▶ _WHAT YOU ARE ASKED TO DO_: Copy the data exactly. Images are the one exception.

▶ _DATA SEGMENT_:
>>>>>

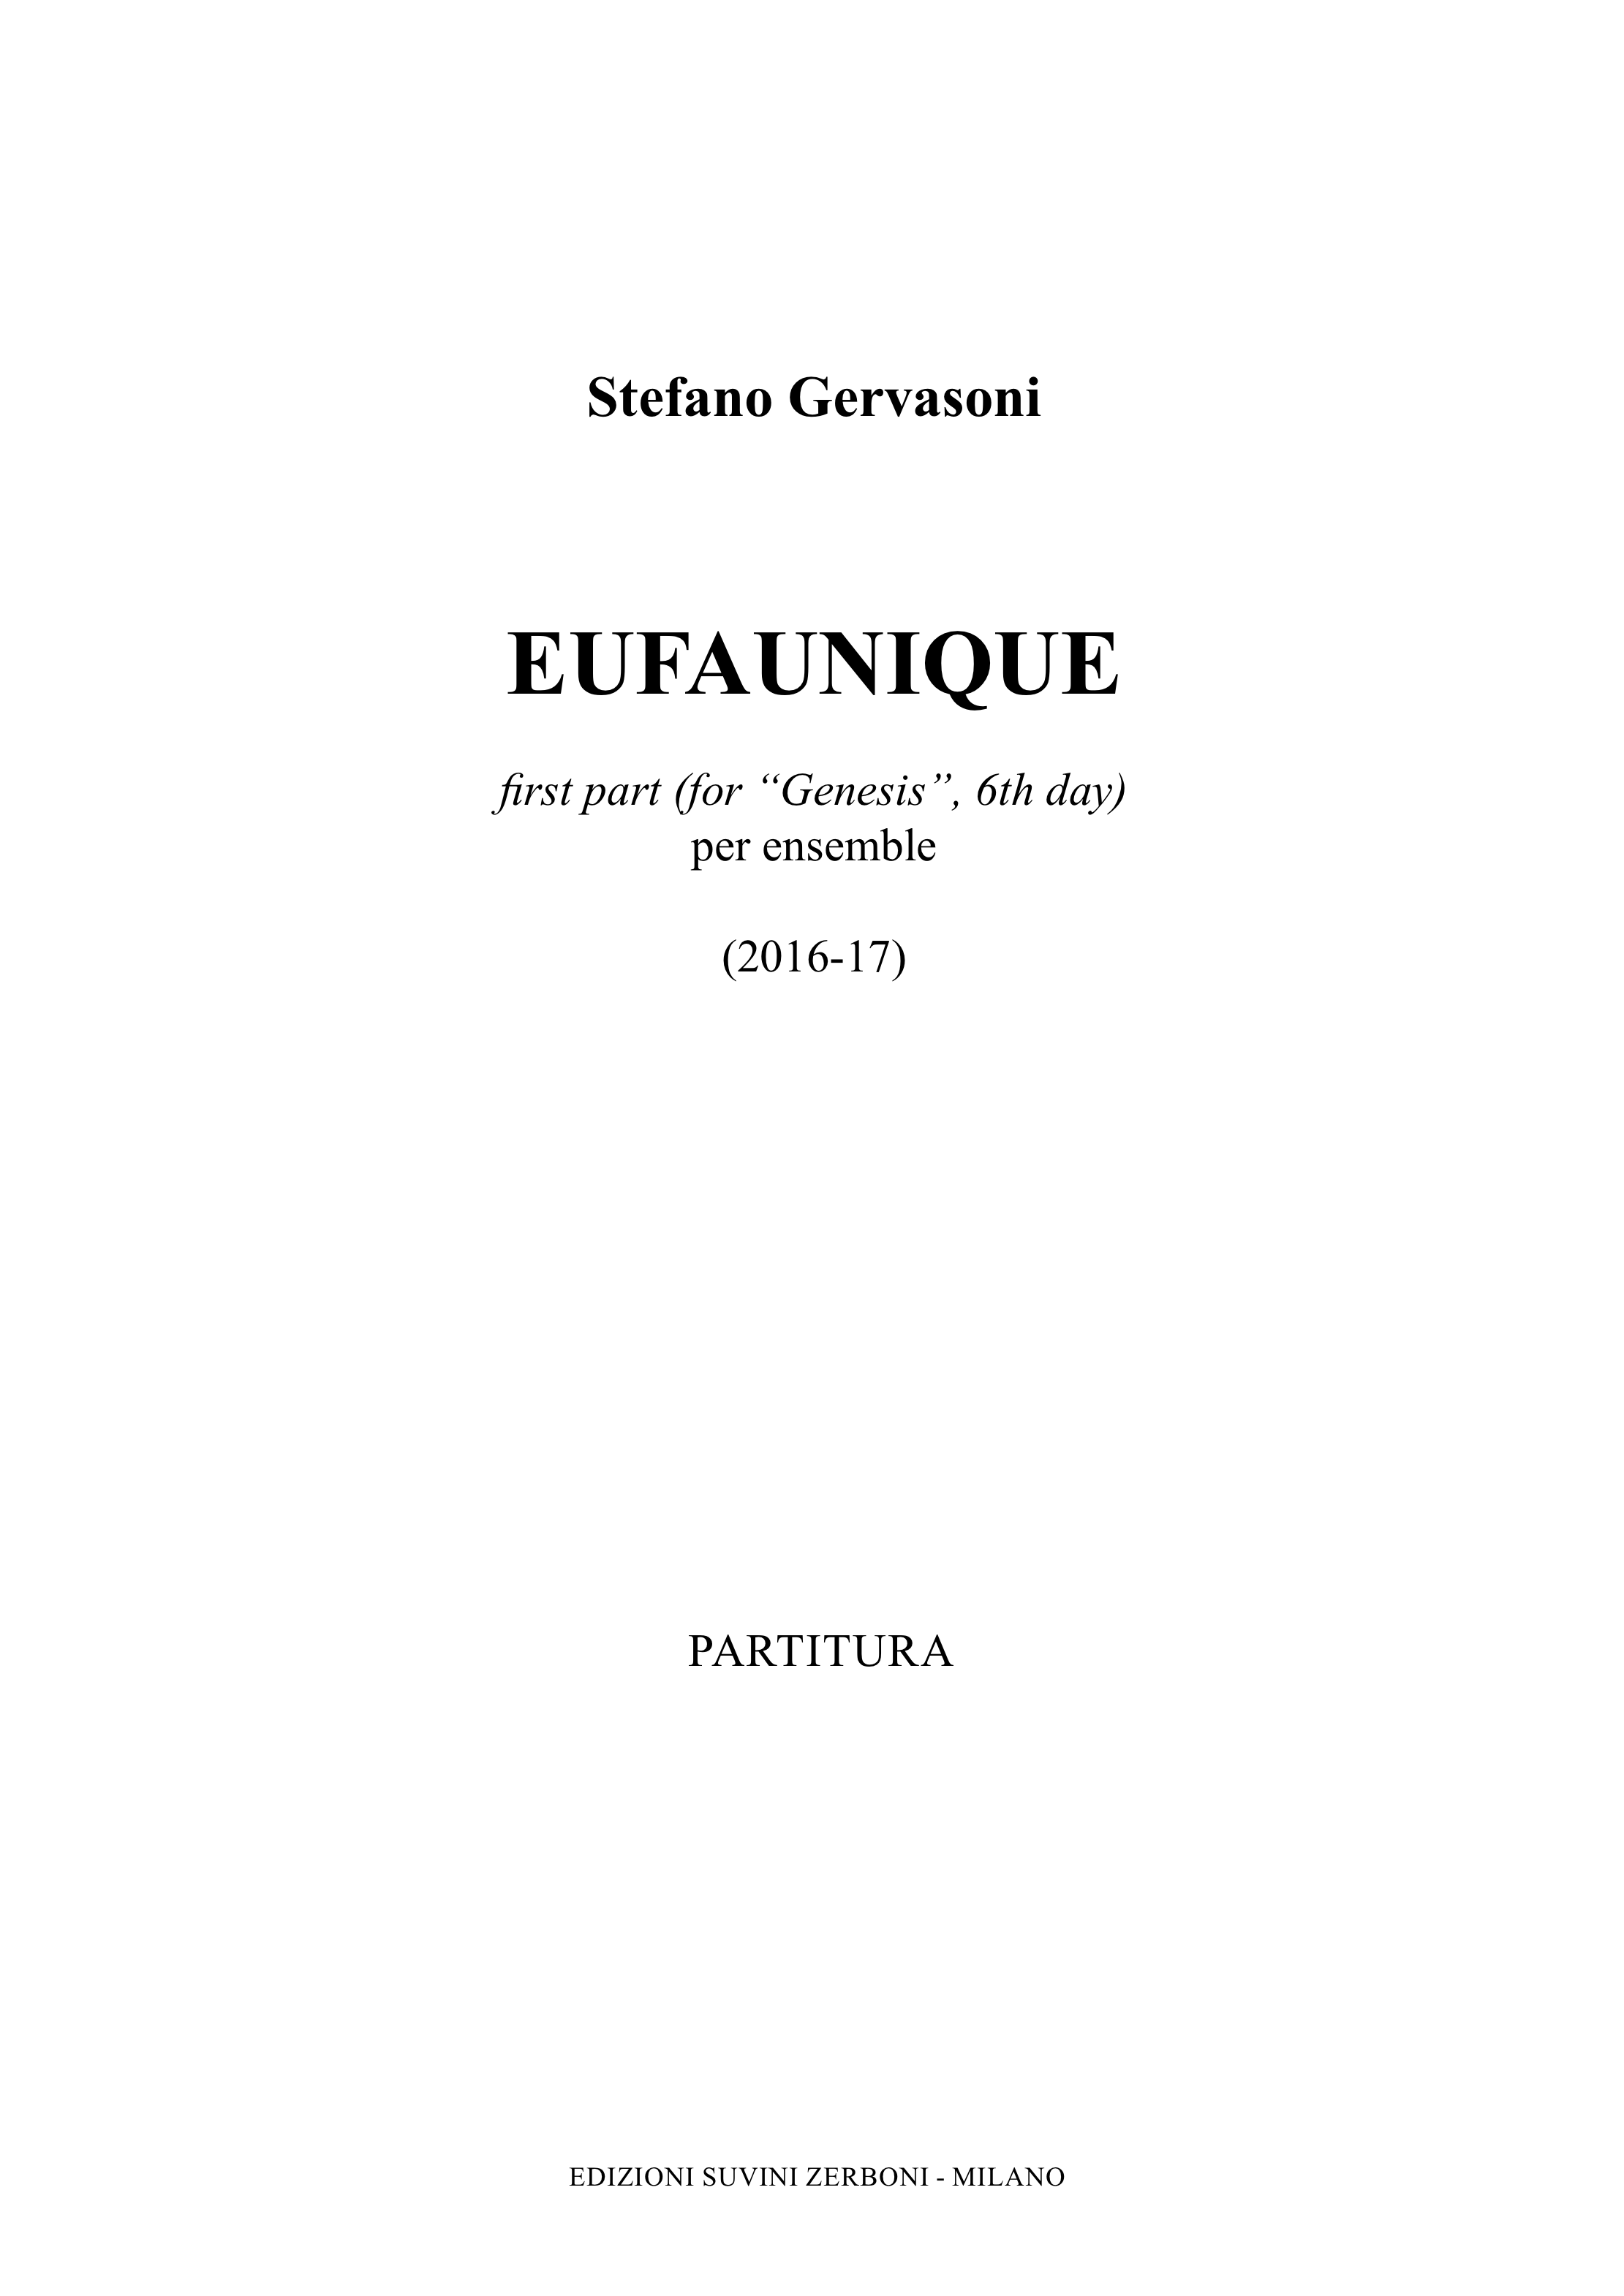 Eufaunique for Genesis_Gervasoni 1
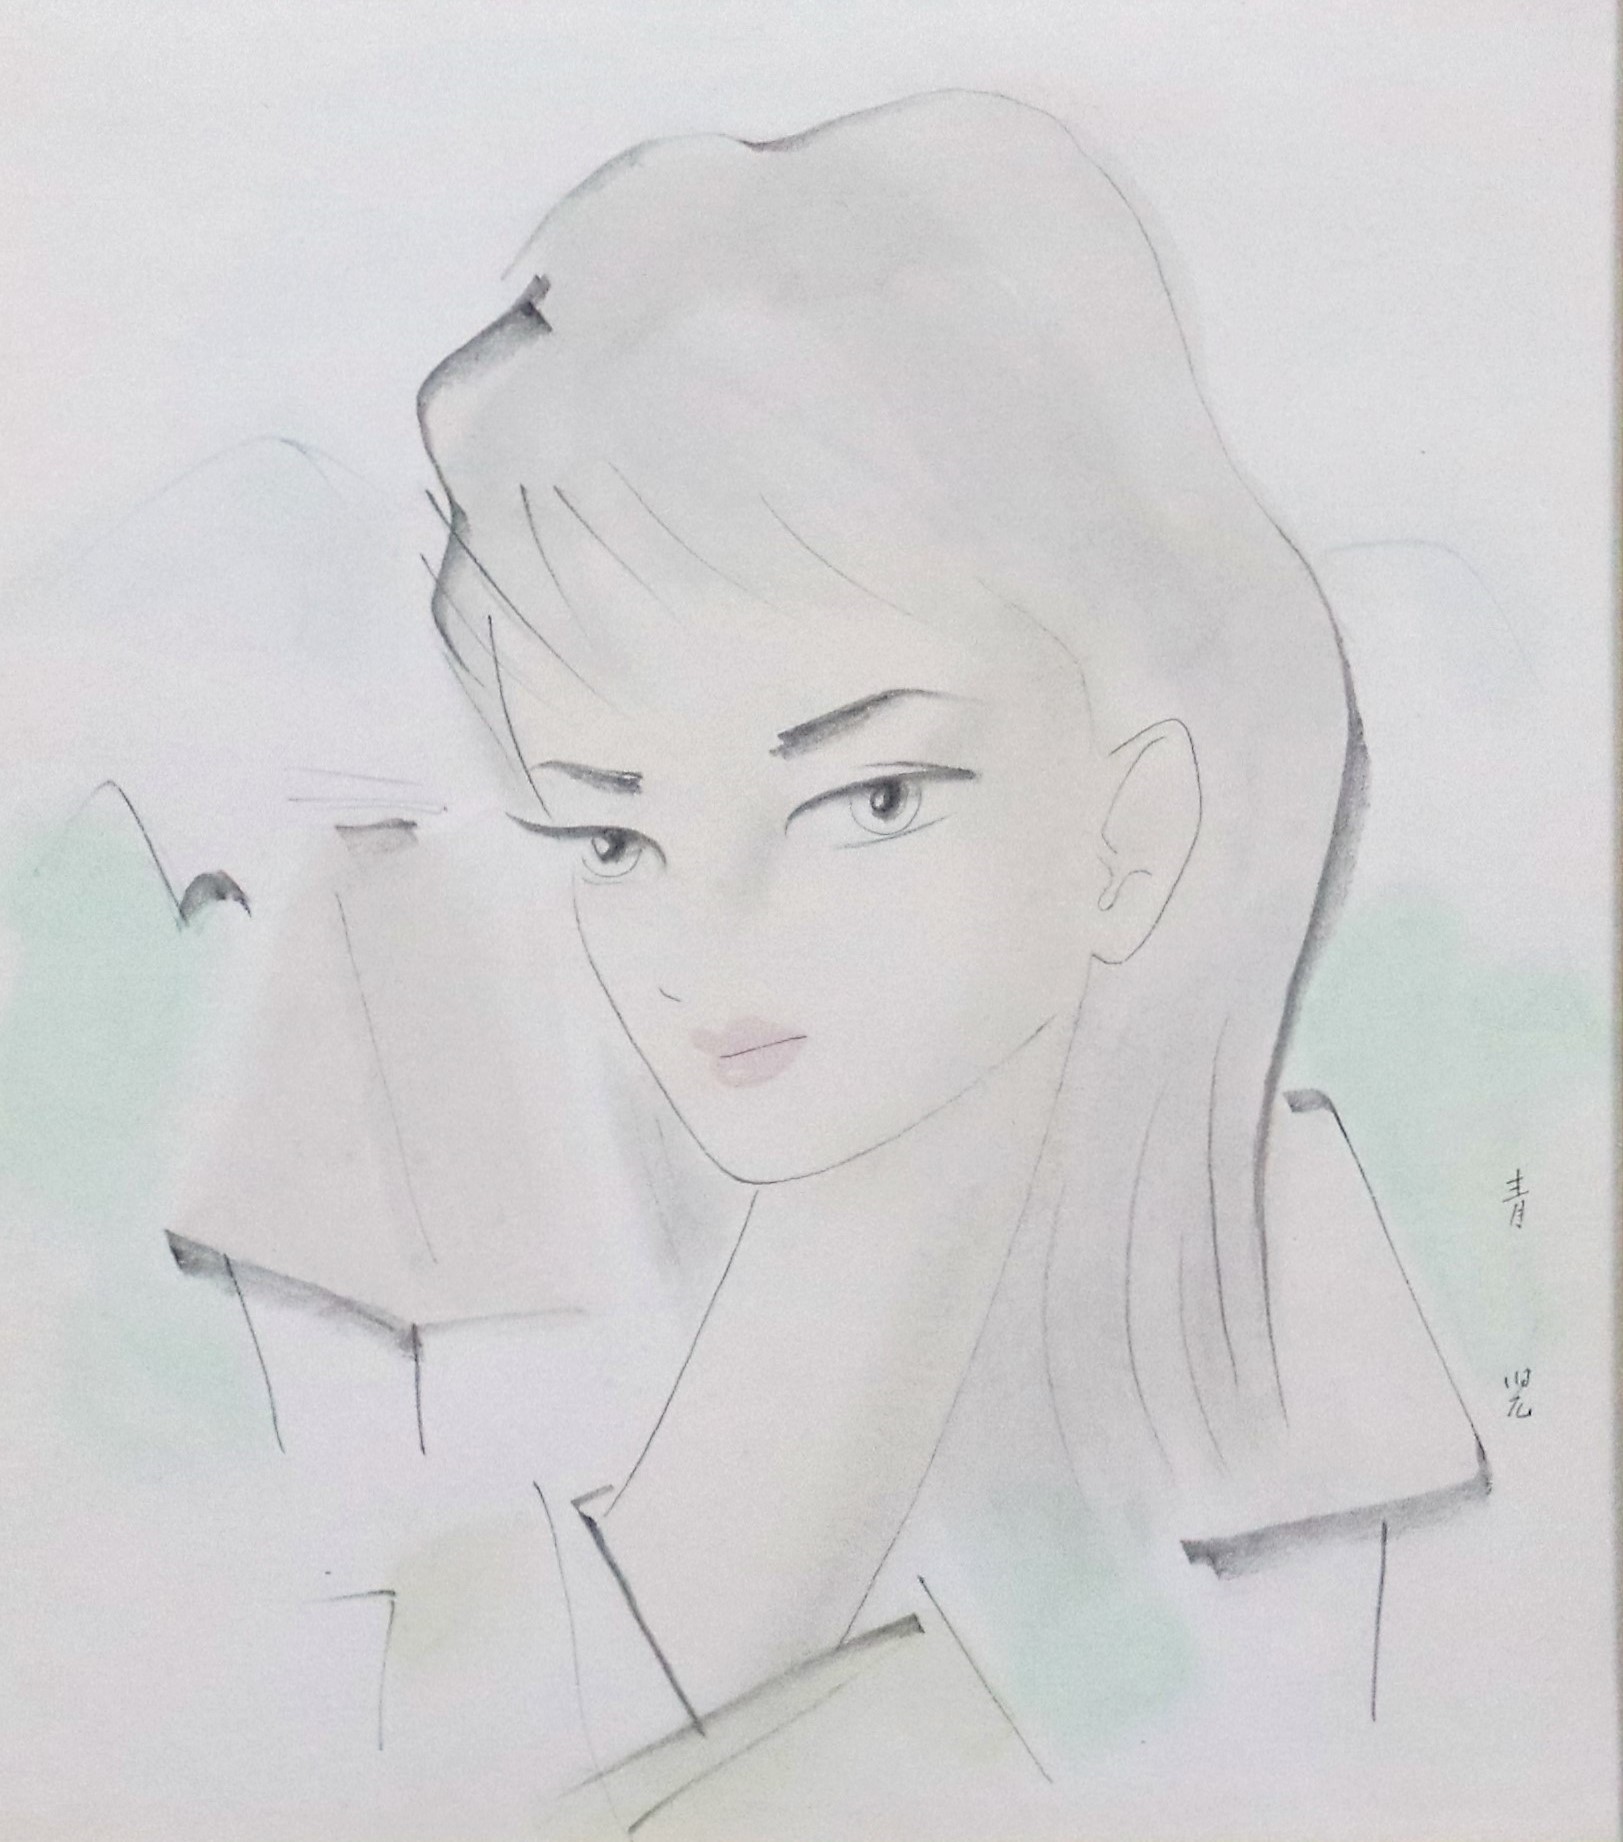 おうちギャラリー 東郷青児先生の「婦人像」水彩画を紹介いたし 
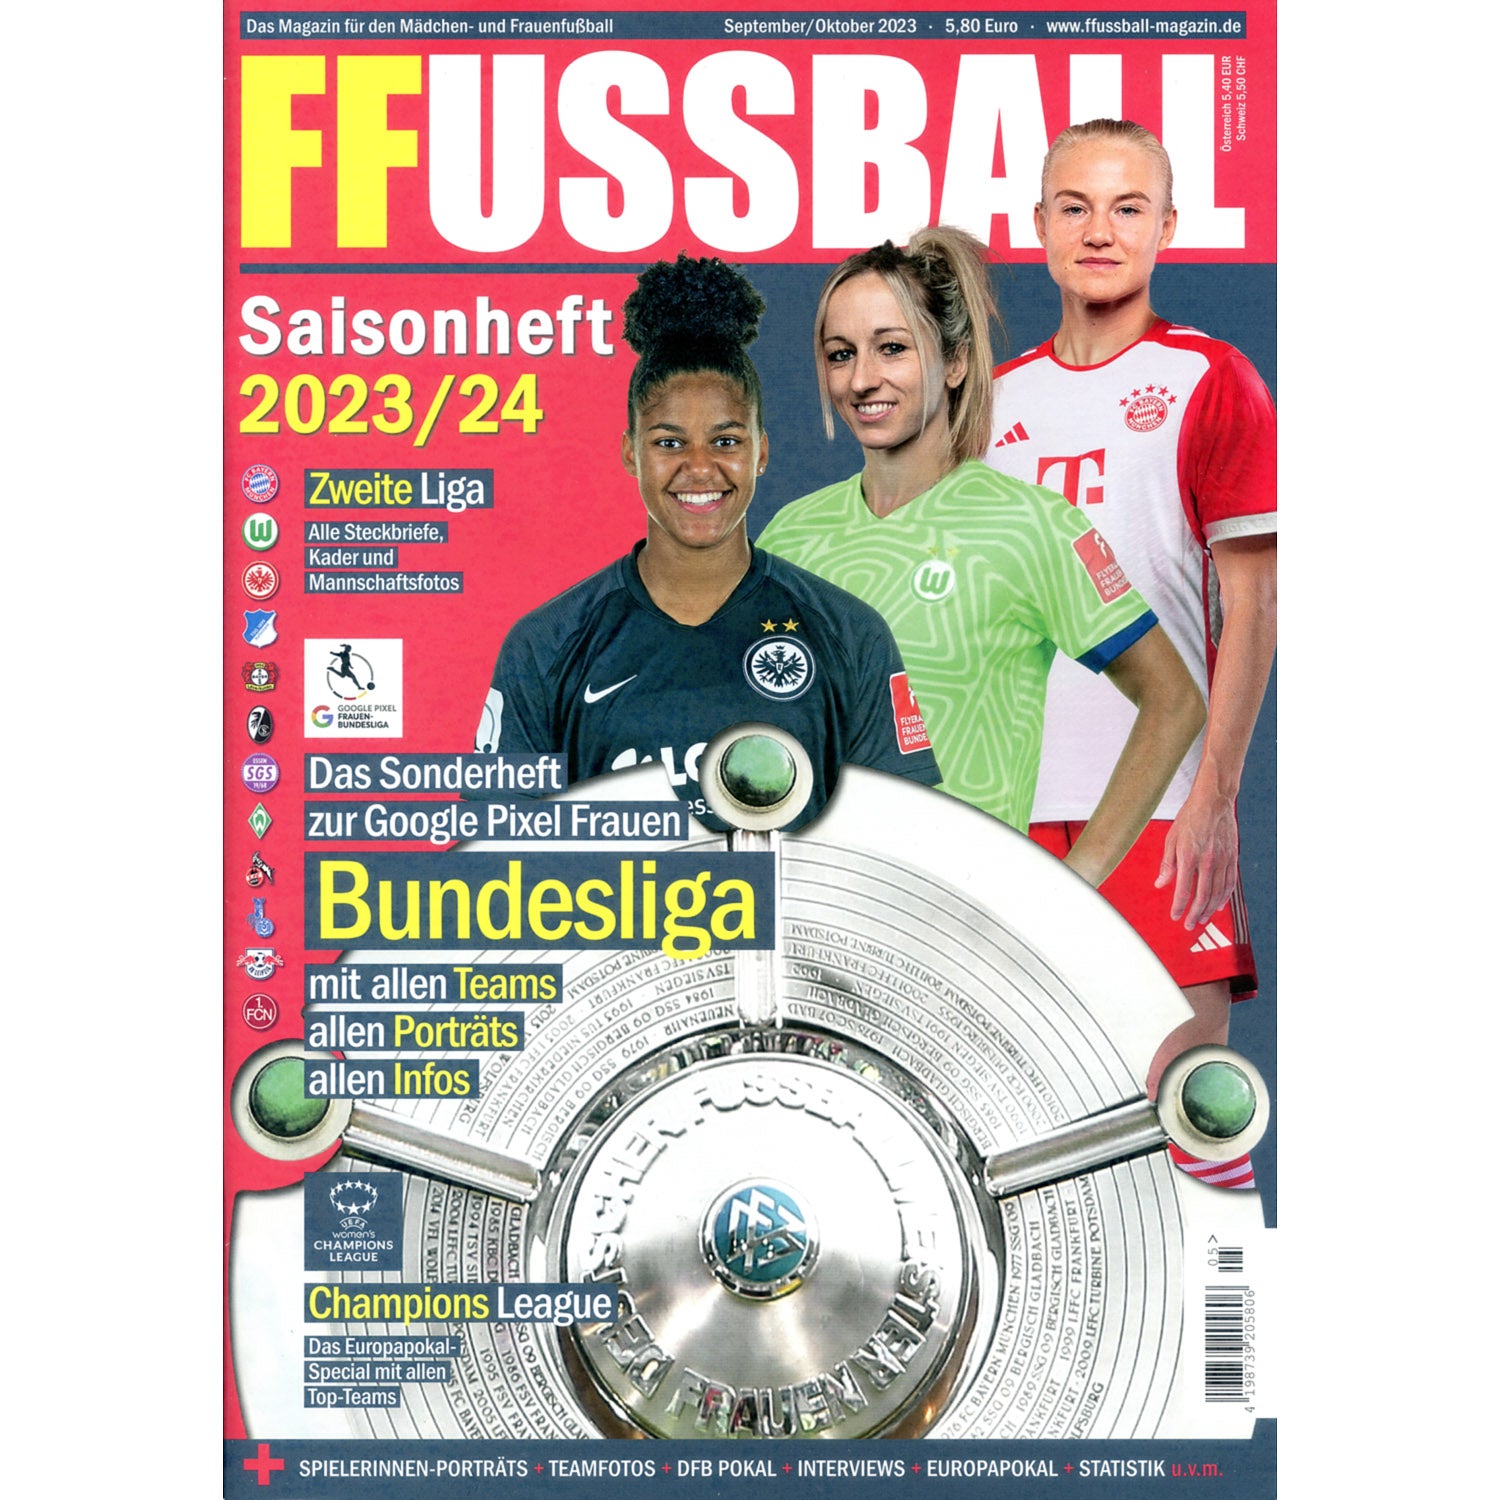 Frauen Fussball Saisonheft 2023/24 (German Women's Football Preview)

<<<<<

▶ _SOLUTION TO THIS TASK_:
 Eufaunique for Genesis_Gervasoni 1
 おうちギャラリー 東郷青児先生の「婦人像」水彩画を紹介いたし 
 Frauen Fussball Saisonheft 2023/24 (German Women's Football Preview)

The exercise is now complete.